Given the state's current regulatory and environmental climate, Holmes said, "One conclusion is inescapable: it is no longer prudent to make forestry investments in California."

"Why spend money to plant trees or to raise timber or to buy timberland that you will never be allowed to harvest? Why finance someone else's 'national park?'" said Holmes.

In New Zealand, Holmes said, Soper-Wheeler is being warmly welcomed by a government that "honors property rights like we did 50 years ago."

New Zealand is so eager to expand its booming timber industry that a newly published "New Zealand Redwood Growers Handbook" was recently circulated among attendees at a series of seminars that covered all aspects of the emerging redwood industry, "with an emphasis on export of logs to the viable California market."

Friendlier regulators

In the 1980s, New Zealand ended 60 years of government ownership of a vast system of commercial timber plantations that was originally established to halt depletion of the country's indigenous forests. The government plantations were sold to private investors, whose practices are now monitored by the New Zealand Ministry of Forestry.

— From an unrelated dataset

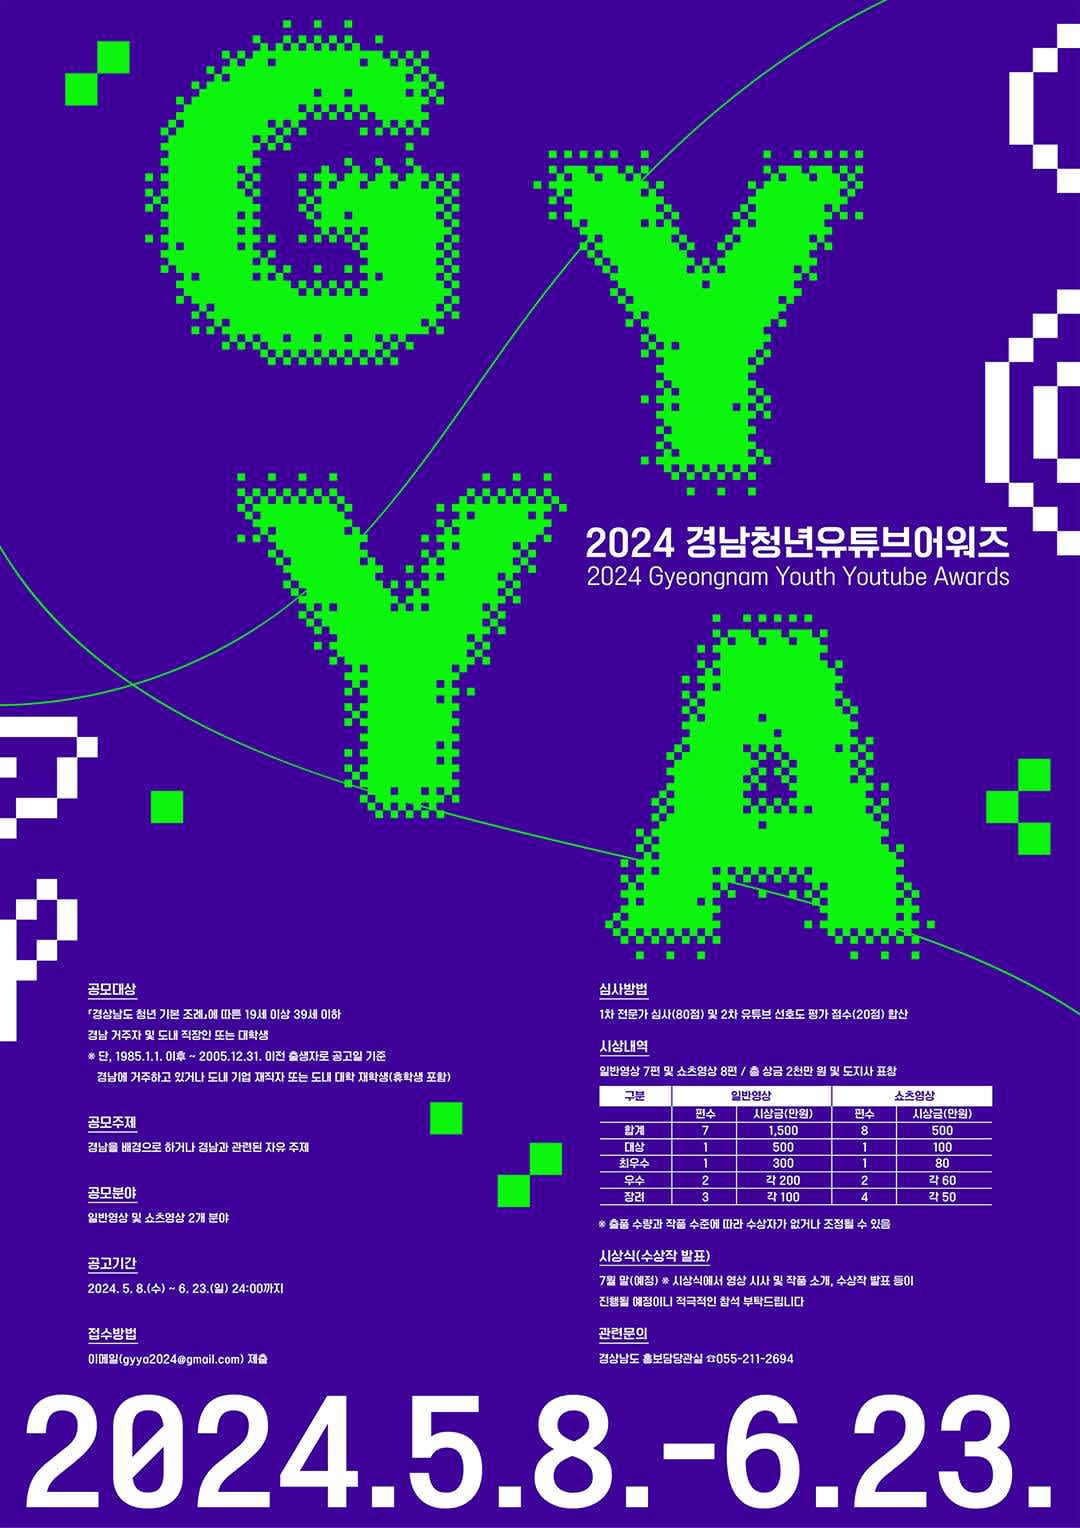 2024 경남청년유튜브어워즈(Gyeongnam Youth Youtube Awards)

But Libby, an internationally recognized redwood expert who has worked and studied in New Zealand, said government regulators there judge timber companies "on the merits" of their operations, instead of relying on "prescriptive" measures favored in California to address environmental concerns. As a result, Libby said, timberland owners in New Zealand, unlike those in California, don't face "additional risks from changing political directions."

In investing in New Zealand, Soper-Wheeler is ignoring spotty and largely unsuccessful efforts over the past century to establish viable redwood production there.

"The early efforts failed because of poor location and planting techniques, but we know a lot more now," said Libby. In 1979, Libby was involved in redwood planting experiments with the New Zealand Forest Research Institute.

Libby said preliminary results suggest that redwoods, if planted in areas that mimic the temperate climate and wet winters of the North Coast, can grow even larger in New Zealand.

Getting the best

By tapping into the genetics of the best redwoods available, Soper-Wheeler's plantation forests could end up with towering trees of unusual stature and strength, he said.

Libby said as it is, New Zealand already is home to "one of the most beautiful groves of redwoods I've ever seen anywhere."

"It was planted only 100 years ago as part of a random experiment," he said. Today, the redwood grove near Rotorua is a major New Zealand tourist attraction, drawing as many visitors as state and federal redwood parks on the North Coast.

For family-owned Soper-Wheeler, the New Zealand redwood venture represents a second migration.

Time to move

About 100 years ago, company founders in Wisconsin speculated on timber investments in California and Oregon, including a 14,000-acre tract surrounding Strawberry Valley in the Sierra Nevada northeast of Marysville. Since then, the company's holdings and production capacities in Northern California have grown dramatically.

The company's turn to New Zealand is not without financial risks, Holmes acknowledged recently in a written explanation to his employees.

But Holmes said a century ago, company owners headed West "not because they wanted to, but because they felt they had no choice."

"Similarly, today's investors would prefer to continue their growth in California, but under the circumstances are convinced that growing in California is not an option and that they too have no choice."

So, said Holmes, "What goes around comes around, and here we go again."